Speeding up a spherical harmonic model

I am attempting to optimise a model which uses spherical harmonics to parameterise the success probability of binomials on the sphere. Transforming from the alm parameters to the logit-probability x involves two steps which are computationally expensive (the bracketed lines in the transformed parameters block). This operation will be the building block of a much more complicated model, so I’d like to check that I haven’t missed a trick. Can anyone suggest a different way of calculating this expression which is more Stan-friendly?

data {
    int<lower=0> J;        // number of pixels
    int<lower=0> N;        // number of HEALPix isolatitude rings
    int<lower=0> H;        // number of harmonics
    int<lower=0> L;        // 2 * max l of hamonics + 1
    matrix[N,H] lambda;    // spherical harmonics decomposed
    matrix[J,L] azimuth;   // spherical harmonics decomposed
    int indices[J];        // map N->J
    int lower[L];          // map H->L
    int upper[L];          // map H->L
    int k[J];
    int n[J];
}
parameters {
    vector[H] alm;
}
transformed parameters {
    vector[J] x;
    {
        matrix[N,L] F;
        for (i in 1:L) {
            F[:,i] = lambda[:,lower[i]:upper[i]] * alm[lower[i]:upper[i]];
        }
        x = rows_dot_product(F[indices],azimuth);
    }
}
model {
    alm ~ std_normal();
    k ~ binomial_logit(n, x);
}
1 Like
matrix[N,L] F;
for (i in 1:L) {
  F[:,i] = lambda[:,lower[i]:upper[i]] * alm[lower[i]:upper[i]];
}

The only thing that sticks out to me is would it be possible to zero-pad the lambda matrix and build a matrix out of alm so that you can do:

matrix[N, L] F = lambda * alm_matrix; // alm_matrix would be an HxL matrix

Matrix multiplication is more efficient than matrix vector multiplication. The gains to big matrix operations are big enough that usually you can afford some zero padding even if multiplying by zero seems like kindof a waste.

I can see how writing it like you have it is more efficient in terms of operations though

3 Likes

As someone that doesn’t have much experience with the foundational compute side of things, things like this are super surprising and neat.

Thanks for taking a look! I tried something along the lines you suggested, swapping these lines:

for (i in 1:L) {
    F[:,i] = lambda[:,lower[i]:upper[i]] * alm[lower[i]:upper[i]];
}

for these lines:

matrix[H,L] Alm = rep_matrix(0.0, H, L);
for (i in 1:L) {
    Alm[lower[i]:upper[i],i] = alm[lower[i]:upper[i]];
}
F = lambda * Alm;

It turned out that my original code was the faster of the two, but that wasn’t obvious to me until I tried it!

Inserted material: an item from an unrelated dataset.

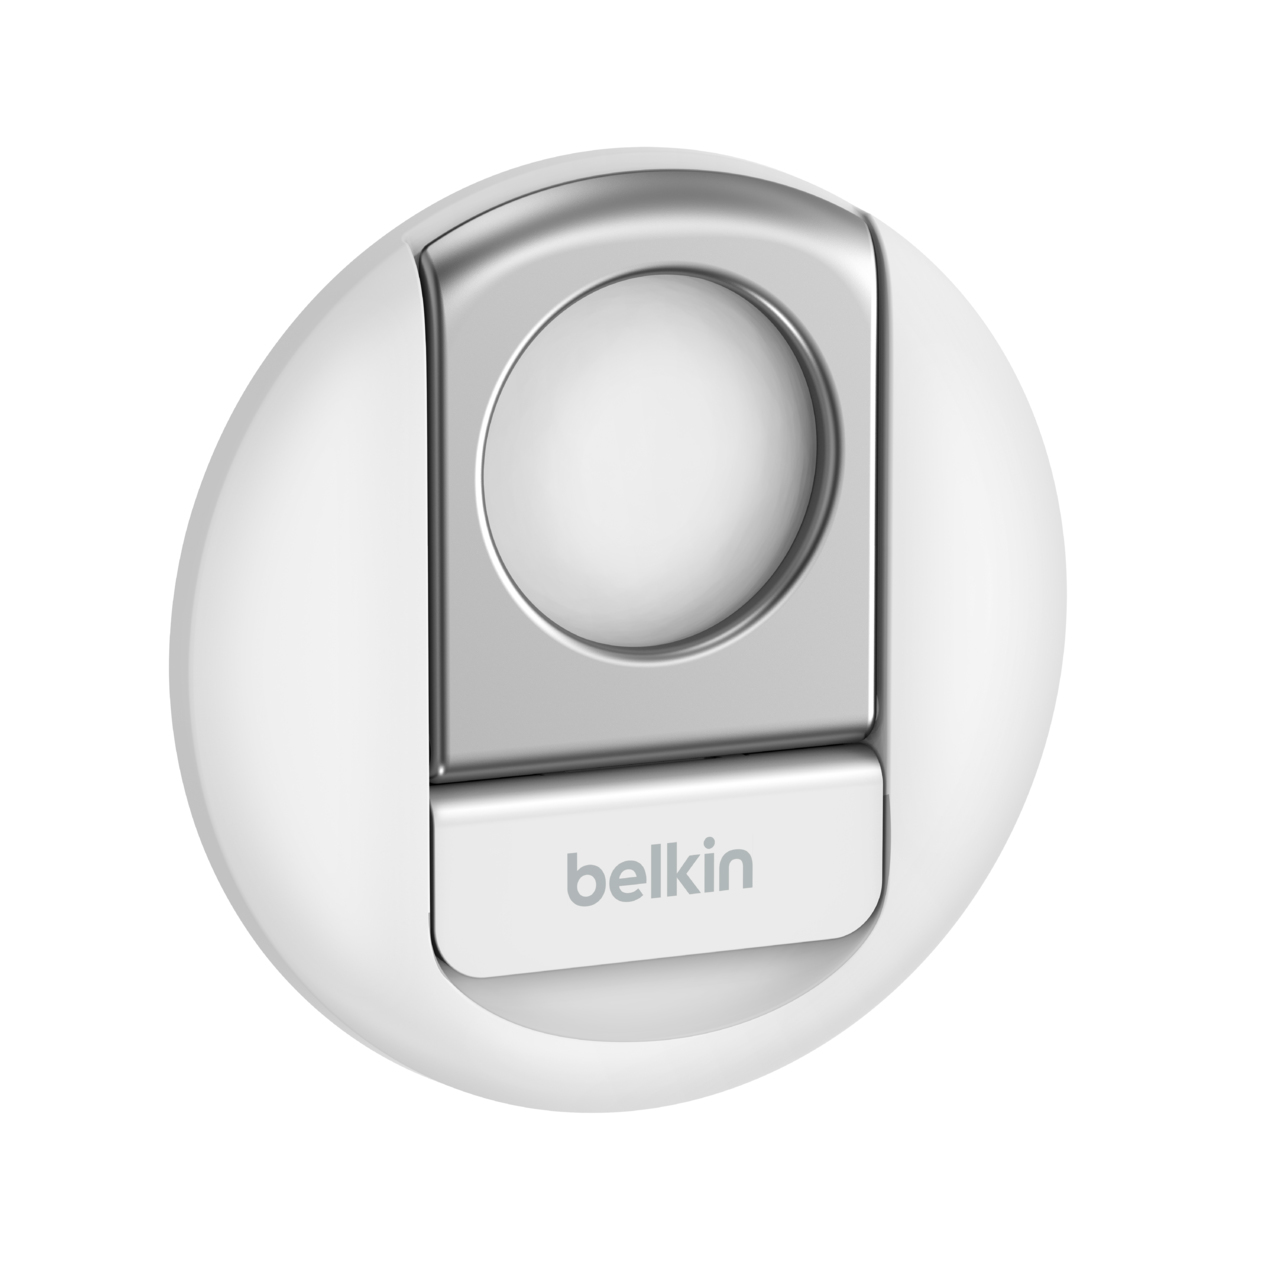 Belkin MMA006BTWH  Belkin Magnetbefestigung für Handy -  MagSafe-kompatibel, für Mac Notebooks

Your original suggestion was to pad lambda, but I couldn’t find a way to make it work without turning it into a three dimensional object. Have I missed something?

2 Likes

Nah nah, the second thing is what I meant. Hmm, if that isn’t any faster then I think I’m out of ideas. What you have looks good to me.

By the way, there is new profiling stuff in cmdstan 2.26: Profiling Stan programs with CmdStanR • cmdstanr . It can be handy for things like this so you know what are the expensive parts of the code.

2 Likes

Amazing! Profiling has revealed that the line:

x = rows_dot_product(F[indices],azimuth);

takes six times longer than the lines I was trying to optimise.

3 Likes

Nice!

Things like this are why we were so eager to add profiling.

1 Like

I really appreciate it. I can’t imagine how difficult that must have been to implement!

2 Likes

Take a look at the rows in the rows dot product call to see if there’s any redundancy there. If so, see here on computing on just the unique rows then indexing into the result.